While Anatrace was profitable, the impact of its sale is "not expected to be significant" to Affymetrix's Life Science Reagents business. Witney said that the firm's Life Science Reagents business' "biggest challenge" is in its molecular biology products line, and that the company expects the business to be "flat to slightly down" over the next few quarters as Affymetrix aims to improve its performance.
Financials
Affymetrix's product revenue for the quarter was $74.8 million, up nearly 3 percent from $72.7 million in the prior year period, while services revenues dropped by more than a fifth to $5.6 million from $6.9 million in Q3 2012.
CFO Gavin Wood said on the call that the company's scientific service revenue is "project-driven" and that Affymetrix expects to see this revenue increase materially as it begins to run samples for the UK Biobank in the next few months.
Core consumable revenues rose 3 percent to $52.1 million in Q3 compared to $50.5 million a year ago while the firm's instrument revenues dropped 40 percent to $2.8 million from $4.6 million in Q3 2012.
Affymetrix reduced its GAAP net loss by 77 percent to $4.2 million, or $.06 per share, in the quarter from $17.9 million, or $.25 per share, in the third quarter of 2012.
Non-GAAP net income was $3.3 million, or $.05 per share, compared to a non-GAAP net loss of $2.4 million, or $.03 per share, for the third quarter of 2012. Affy beat analysts' consensus estimate of $.02 per share.
The company cut its SG&A spending to $33.6 million in the quarter from $36.3 million in the year-ago period, while Q3 R&D costs fell to $11.5 million from $16.5 million.

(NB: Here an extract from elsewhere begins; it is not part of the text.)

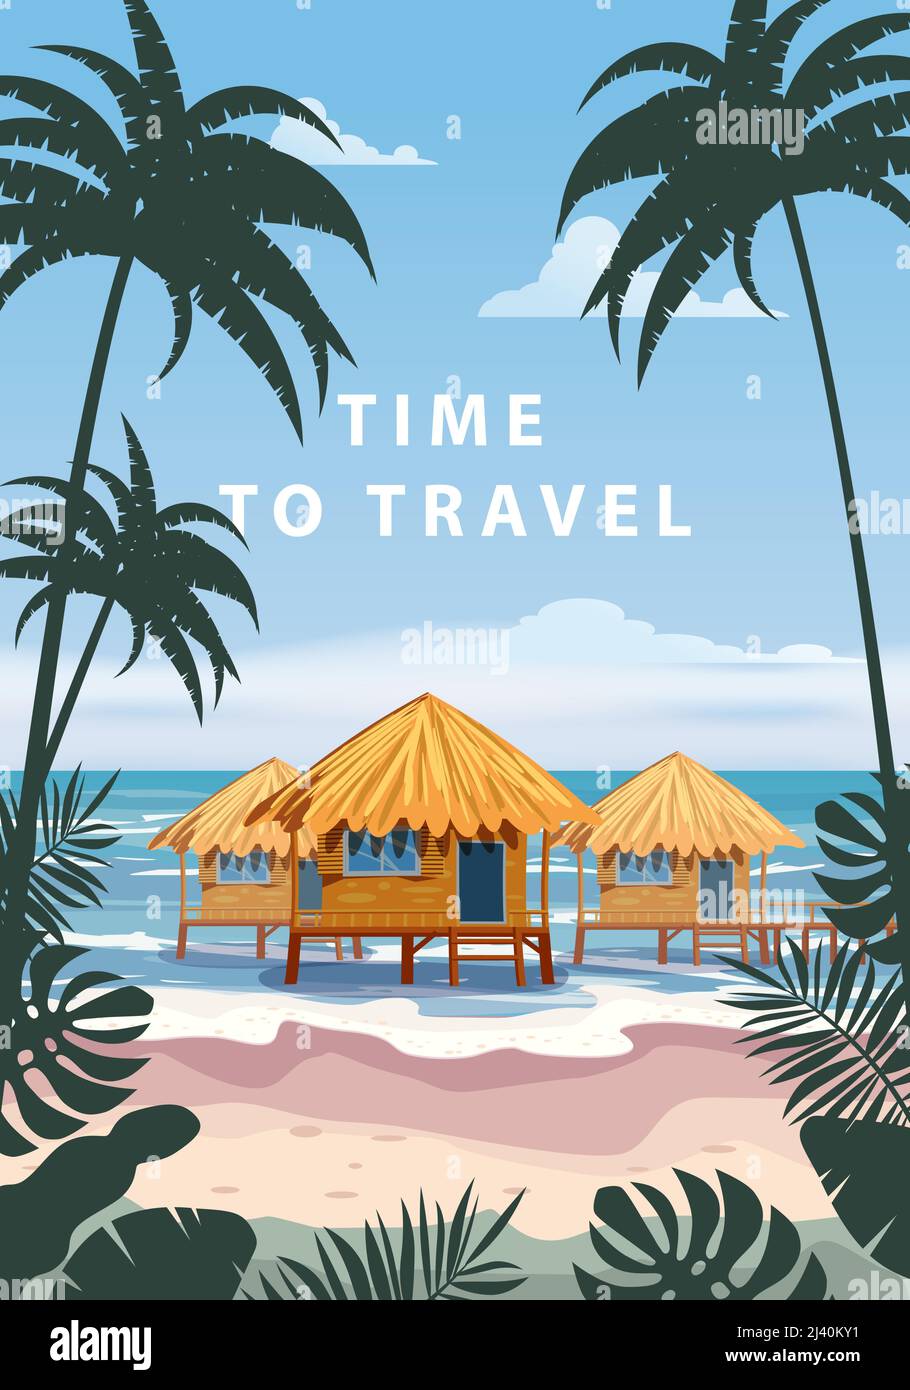 È il momento di viaggiare. Poster resort tropicale vintage. Spiaggia costa capanne tradizionali, palme, oceano. Vettore di illustrazione stile retrò Illustrazione Vettoriale

Wood attributed the declines in SG&A and R&D costs to "reduced headcount and variable compensation" as well as lower IT costs, and reduced spending on supplies and consulting.
Affymetrix ended the quarter with cash and cash equivalents of $50.6 million.
Wood said in a statement that "stronger revenue and prudent working capital management" combined with "careful control of our operating expenses" allowed the firm to generate about $10.5 million in cash flow from operations. He noted that Affymetrix has reduced its senior secured debt by 45 percent since June 2012.